2) With the focus on liberalization, ability of MNCs to hire the best global legislative firms in India along with the advent of dedicated foreign law firms in Indian market will also facilitate ‘ease of business’ in India along with bringing substantial amount of foreign investment.
However, certain safeguards need to be put in place in order to ensure smooth integration of these firms in the Indian legal framework:
1) Adequate protection to the nascent Indian law firms in order to ensure that they do not get obliterated by the foreign firms. This can be done in the form of mandating joint ventures with majority Indian ownership.
2) A pro-active regulatory regime must be put in place to avoid proliferation of bogus firms that may jeopardize the sanctity of Indian legislative process.
3) Advent of foreign law firms may have inflationary effect on the cost of litigation which may be harmful, especially for poor people.
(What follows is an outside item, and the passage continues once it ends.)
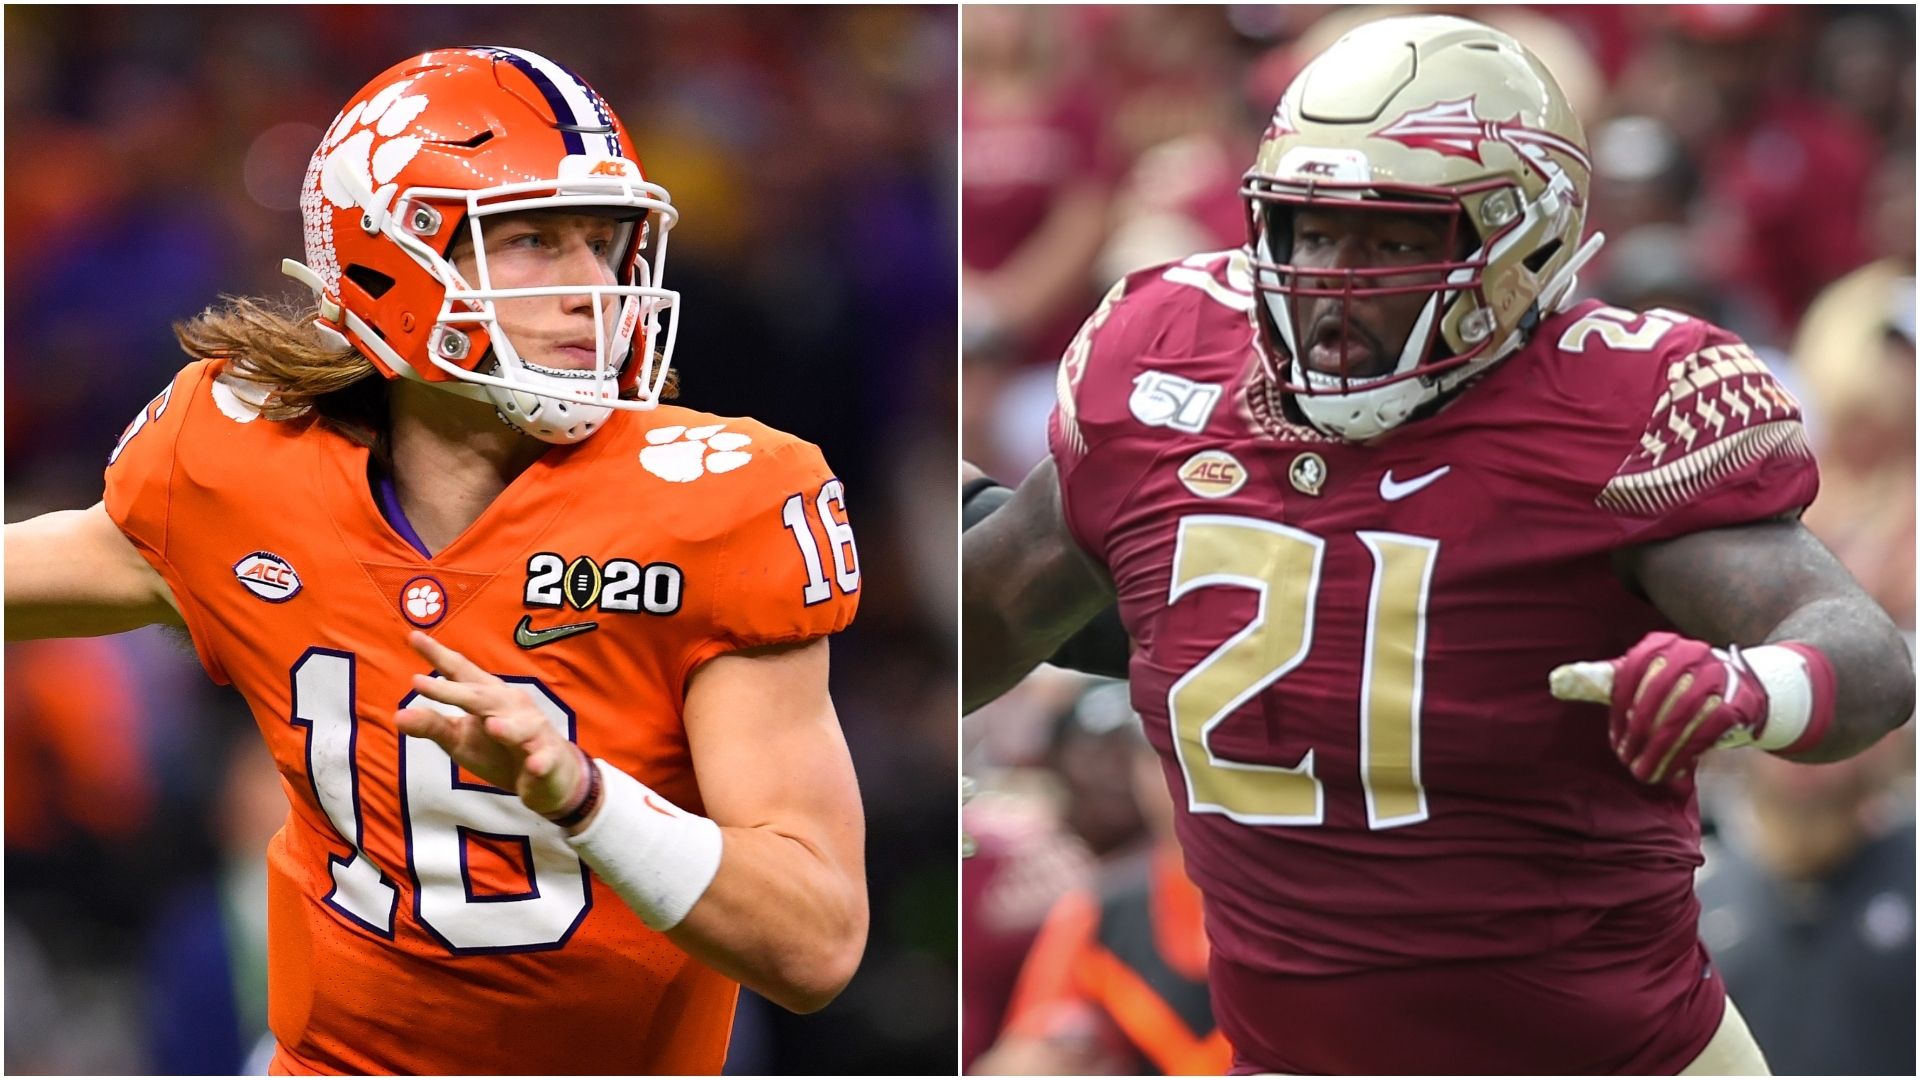 The top players going into the 2020 college football season ESPN Video

Hence, a certain percentage of law firms can be directed to handle indigent cases (as is the case in Priority Sector Lending for Banks)
In essence, a strong regulatory framework coupled with adequate protection can help us popularize the slogan ‘legislate in India’.
Q.2) Ethics in politics is at the all time low. Elections are being contested by manufacturing perceptions and on medieval issues with hardly any trace of accountability. Does this state of politics in India reflect badly on the mindset of the society? Critically examine.
The Top Answer for this Question is written by – SBT57
Q.3) The 40th anniversary of the imposition of emergency was an opportune moment to contemplate about the resilience of the institutions to withstand any onslaught on democracy in India. What do you think of the 1975 emergency? What lessons did we learnt from it? Did the emergency work as a bitter antibiotic that rather strengthened Indian democracy? Examine.
The Top Answer for this Question is written by – The Rock
Ans) Against the backdrop of anti-corruption movements led by Jay Prakash Narayan , rising poverty , arbitrary judicial appointments and criticisms by media and opposition , emergency was imposed.
Though Emergency was justified for maintaining discipline , improving efficiency of government functioning , especially in essential services and maintaining the unity and integrity of India , the emergency led to restriction on right to free speech and expression by banning press and public meetings . Right to life and liberty was curbed by arbitrary use of preventive detention against political leaders and common public . Unpopular population control programmes , concentration of powers by executive by 42nd amendment and political appointments led to criticism of government across the public , civil society and international organisations
Post emergency , 44th constitutional amendment was introduced to reverse the wrongdoings , by strengthening the emergency and fundamental rights provisions . Right to life was expanded in Maneka Gandhi case , while balance between fundamental rights and directive principles of state policy and separation of powers between executive and judiciary was affirmed as basic structure , under Minerva case . which strengthened the institutions .
Thus , Emergency worked as a bitter antibiotic as importance of political rights , parliamentary democracy and constitutionalism was realised. However , this antibiotic could have been avoided if proactive measures like reasonable restrictions , separation of powers , constitutional means of opposition, etc were adhered to.